Bear in mind it is my opinion, but I give this one two stars. It is mildly interesting. Perhaps that is because the old classic was so tremendously good that the retelling of it falls rather flat. (Gina Burgess)
You will read BrontëBlog's review of Jillian Dare soon too.

The Guelph Mercury in the meantime warns us of the many dangers of falling in love in real life with a fictional character (!).
Whether it's James Bond, Mr. Rochester from Jane Eyre, Nick Stokes from CSI or an actual actor, we all do it from time to time. There is nothing physically wrong with loving someone who is two-dimensional as long as the fine line between fantasy and reality can be seen. (Noorain Shethwala)
If you're in Lakewood, Ohio, then you may have a date with that Mr Rochester tonight and see if you can help falling for him. The Lakewood Public Library has a Knit and Lit evening centered around Jane Eyre, according to The Lakewood Observer.
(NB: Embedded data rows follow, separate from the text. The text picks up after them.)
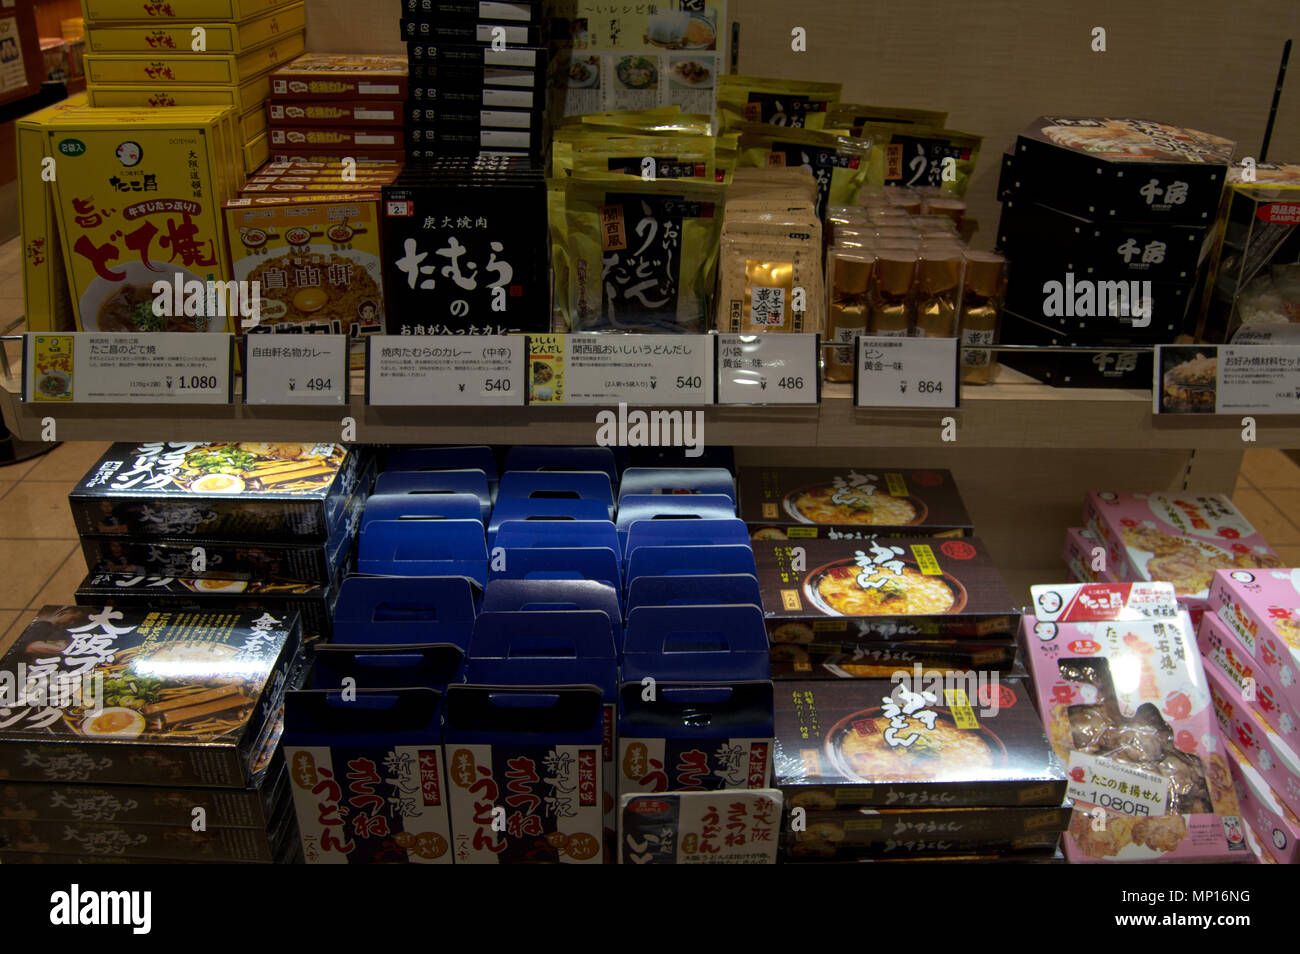 A selection of eki-ben (train bento boxes) at an eki-ben shop inside Shin-Osaka station, Japan Stock Photo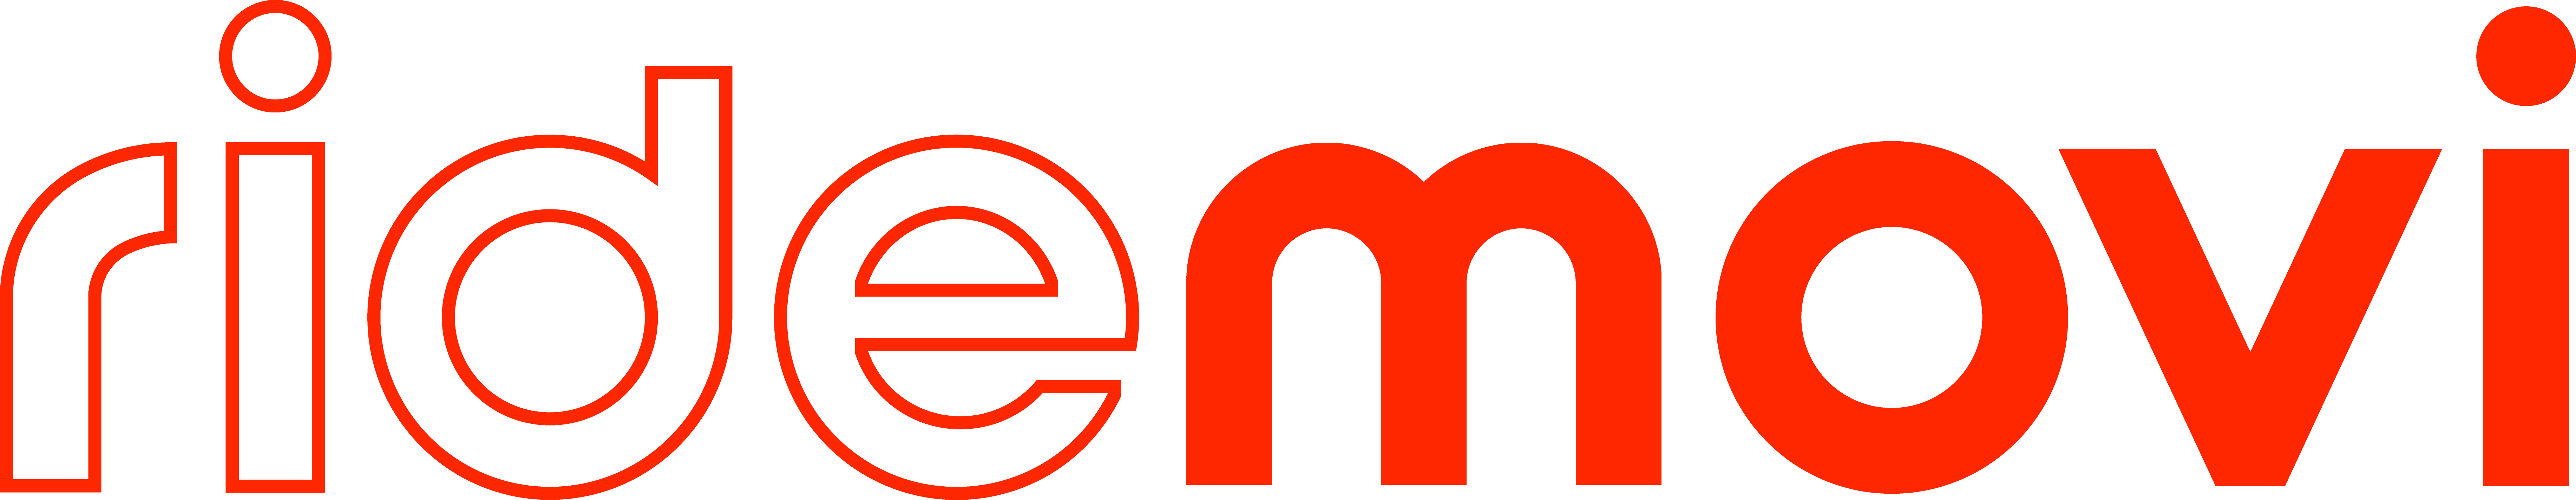 RM_logo_orange_CMYK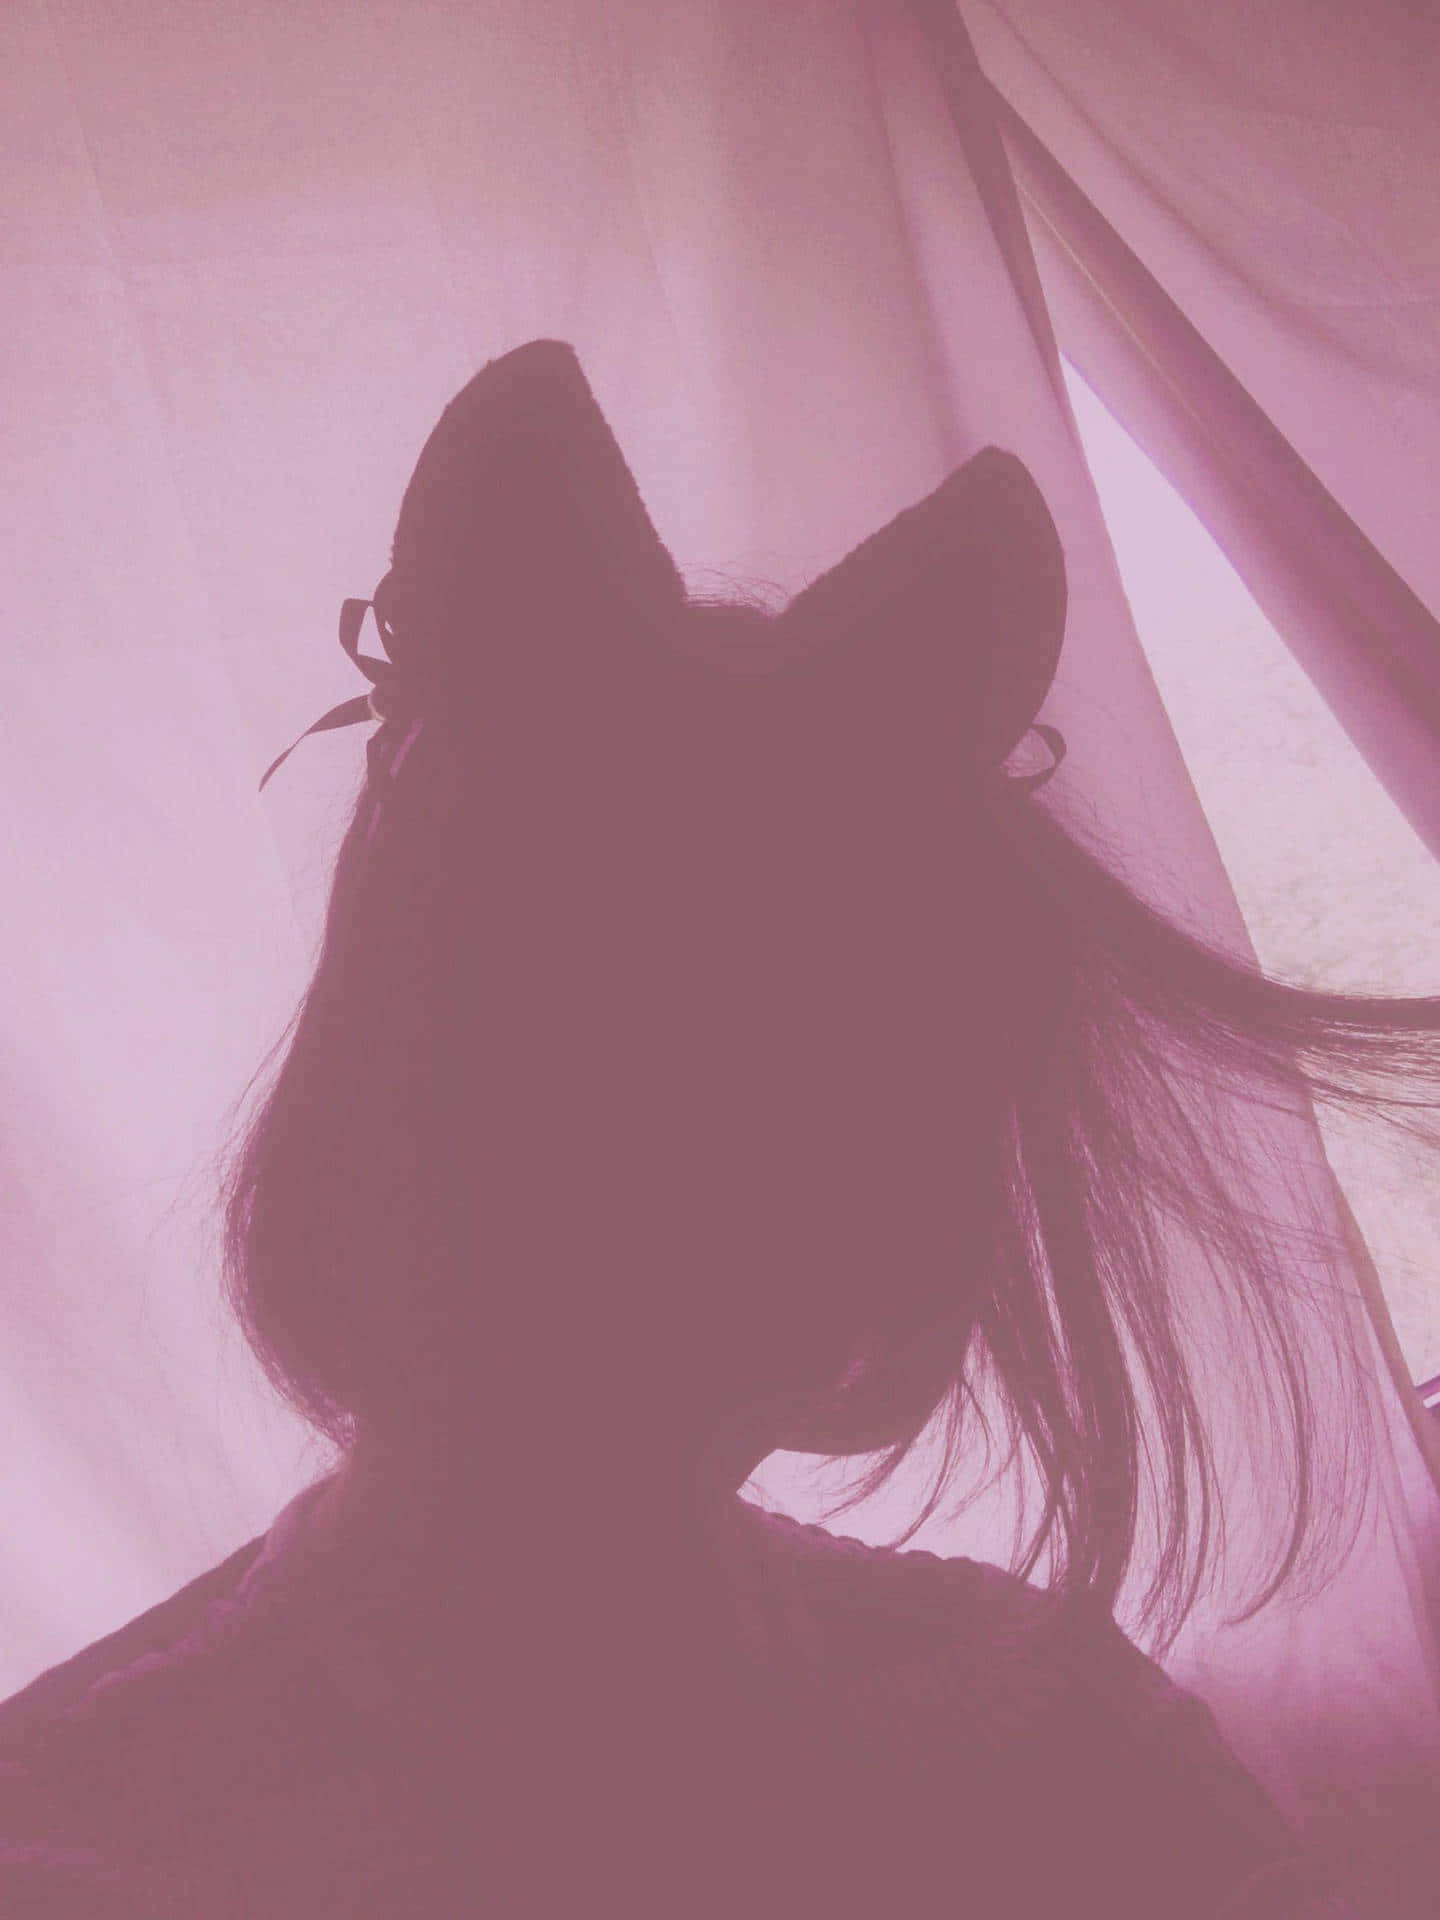 Silhouettewith Cat Ears Aesthetic.jpg Wallpaper

Finally, the Halifax Courier has an article on Robin Hood and Calderdale. A couple of visitors to the area comment on its Brontë connections as well:
Barbara and David Lumb, of Hightown, Liversedge, also attended. Mrs Lumb said: "The estate is absolutely beautiful. This area featured heavily in Charlotte Bronte's novel Shirley, which I really enjoyed. (Suzanne Rutter)
There is also a more remote Brontë connection, as one of Patrick's brothers, James, on a visit to Haworth from Ireland, visited the area as well for its Robin Hood connections. Apparently he proved the legend that says that if you try the helmet that supposedly belonged to Robin Hood and is kept there you'll lose all your hair.

On the blogosphere, You're History! gives Villette 4 out of 5 stars, Ramblings-n-Writings reviews Jillian Dare and Renée's Book and Movie Reviews posts about Wuthering Heights 2009.